Duncan Park Stadium hosted its first game on July 8, 1926. 2,500 people watched as the Spartanburg Spartans defeated the Macon Peaches 5-1. Nearly 21,000 fans attended the deciding Game 5 of the 1936 "World Series" of American Legion baseball at Duncan Park when Spartanburg defeated Los Angeles. That figure remains the largest crowd to watch a sporting event in Spartanburg. Duncan Park also hosted the 1938 “World Series” of American Legion baseball.

In 1937, the New York Yankees, featuring Joe DiMaggio and Lou Gehrig, played an exhibition game in Duncan Park on their way to New York from spring training.
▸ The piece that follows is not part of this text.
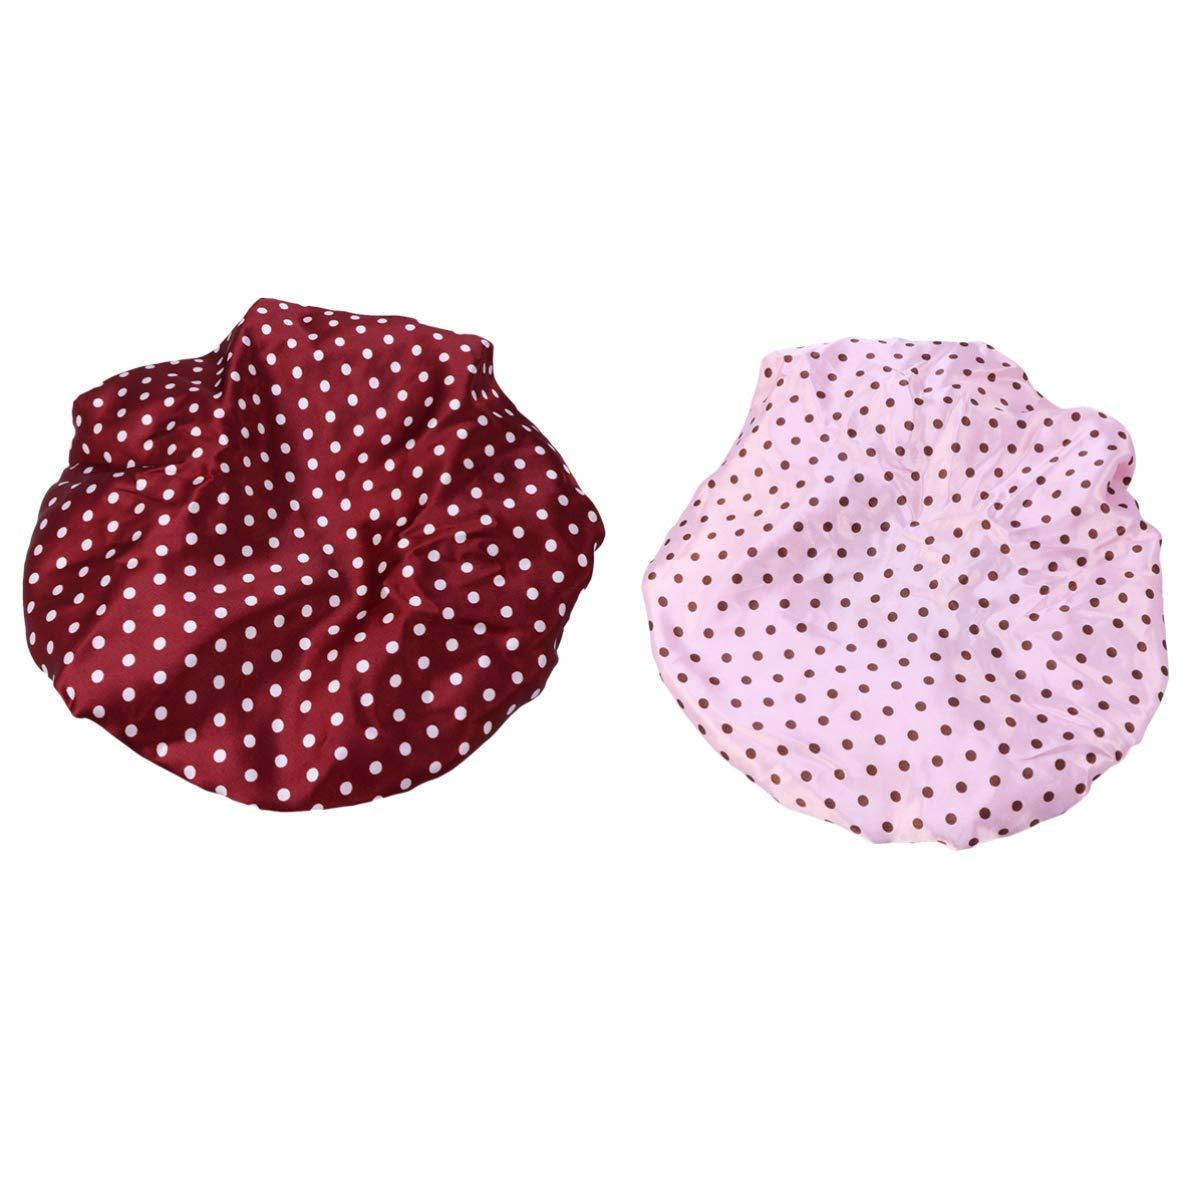 SUPVOX 2pcs Shower Caps Dot Pattern Elastic Waterproof Reusable Bathing Salon Hair Cap Heart Grass Pattern for Girl Woman

Other major league standouts played in Duncan Park on their way to the show, including Larry Bowa, Ryne Sandberg, Dale Murphy, and Tom Glavine. In addition, several Negro league baseball stars also visited Duncan Park on barnstorming tours, including Hank Aaron, Satchel Paige, Larry Doby, and Jackie Robinson. When Shibe Park in Philadelphia was demolished, Duncan Park received many seats from the old stadium.

From 1996 to 2003, the park was home to the Wofford College Terriers college baseball team. In 2004, the Terriers moved to the newly built Russell C. King Field on campus. In 2008, Spartanburg city council decided to grant funding to replace the outfield wall and finalized an agreement with Spartanburg School District 7 to have the Spartanburg High School baseball team become a permanent tenant.

From 2013 to 2014, Spartanburg School District 7 spent $500,000 on significant renovations to Duncan Park Stadium. These renovations were the first major improvements since the stadium was built and involved substantial structural work. In addition, drainage was improved, rotten wood was replaced, new box seats were installed, the stadium was repainted and a new scoreboard was erected. District 7 intends to do further renovations when funds become available, including seating under the roof, concession areas and permanent restroom facilities. A further $1.6 million in renovations were done in 2018-2019, including additional locker rooms, showers, and restrooms.

In September 2020, Spartanburg City Council approved a lease agreement that brought the Spartanburgers of the Coastal Plain League to Duncan Park for the 2021 season. In March 2022, the Spartanburgers suspended operations.